In previous versions of FINN, we had to manually go through several steps to generate HLS code, stitch IP, create a PYNQ project and run synthesis. All these steps are now performed by the `ZynqBuild` transform (or the `VitisBuild` transform for Alveo). **As this involves calling HLS synthesis and Vivado synthesis, this transformation will run for some time (up to half an hour depending on your PC).**

In [None]:
from finn.transformation.fpgadataflow.make_zynq_proj import ZynqBuild
model = ModelWrapper(build_dir+"/{}_set_folding_factors.onnx".format(model_name))
model = model.transform(ZynqBuild(platform = pynq_board, period_ns = target_clk_ns))

In [None]:
model.save(build_dir + "/{}_post_synthesis.onnx".format(model_name))

### Examining the generated outputs <a id='gen_outputs'></a>

Let's start by viewing the post-synthesis model in Netron:

In [None]:
showInNetron(build_dir + "/{}_post_synthesis.onnx".format(model_name))
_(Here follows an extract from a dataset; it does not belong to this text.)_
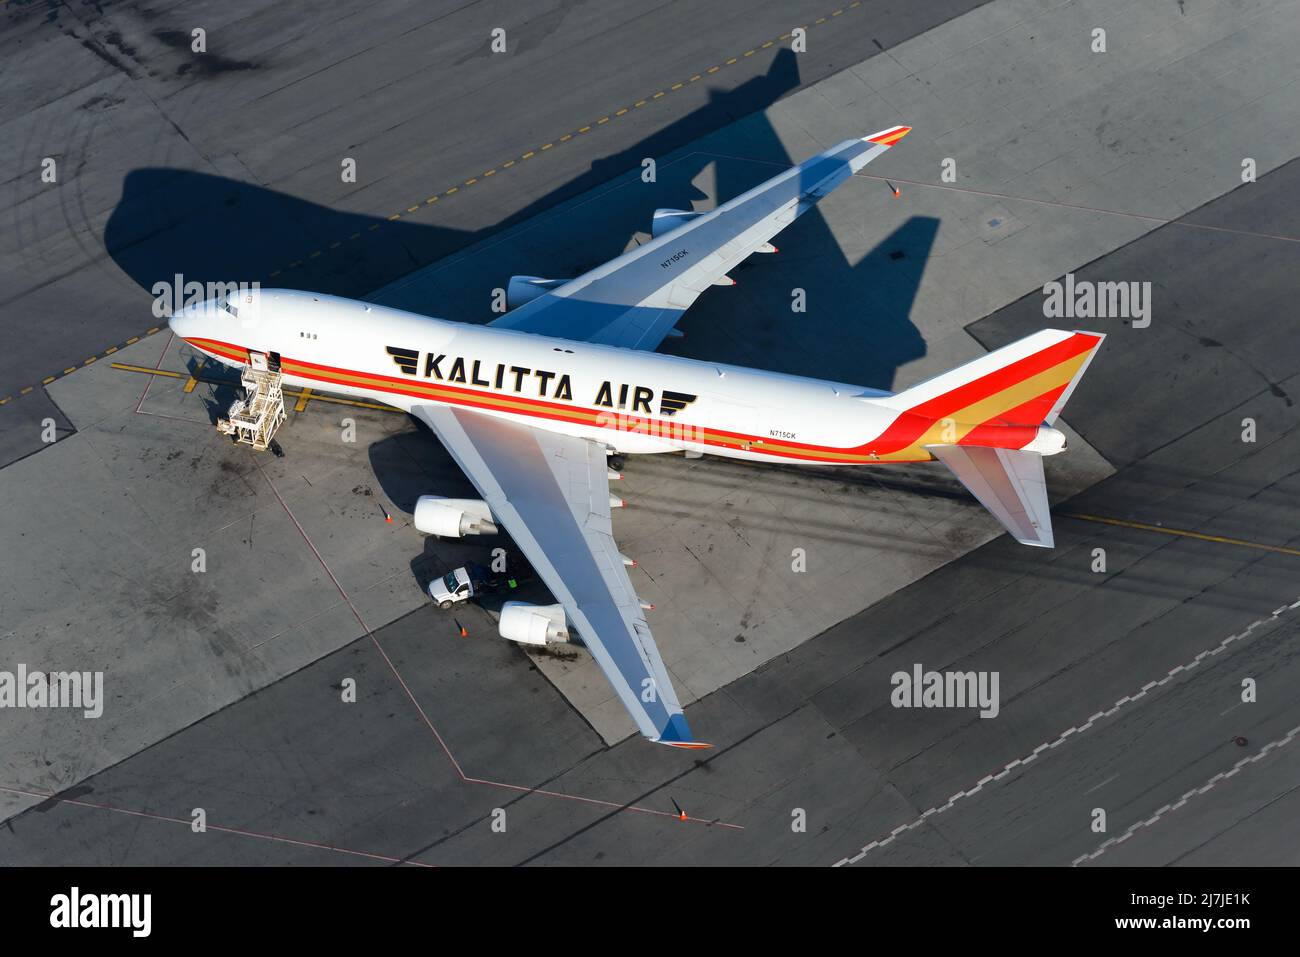 Kalitta Air Boeing 747 Frachtschiff geparkt. Großes Frachtflugzeug 747-400F von oben. Flugzeug 747F von Kalitta Air. Stockfoto

We can see that our sequence of HLS layers has been replaced with `StreamingDataflowPartition`s, each of which point to a different ONNX file. You can open a Netron session for each of them to view their contents. Here, the first and last partitions contain only an `IODMA` node, which was inserted automatically to move data between DRAM and the accelerator. Let's take a closer look at the middle partition, which contains all our layers:

In [None]:
model = ModelWrapper(build_dir + "/{}_post_synthesis.onnx".format(model_name))
sdp_node_middle = getCustomOp(model.graph.node[1])
postsynth_layers = sdp_node_middle.get_nodeattr("model")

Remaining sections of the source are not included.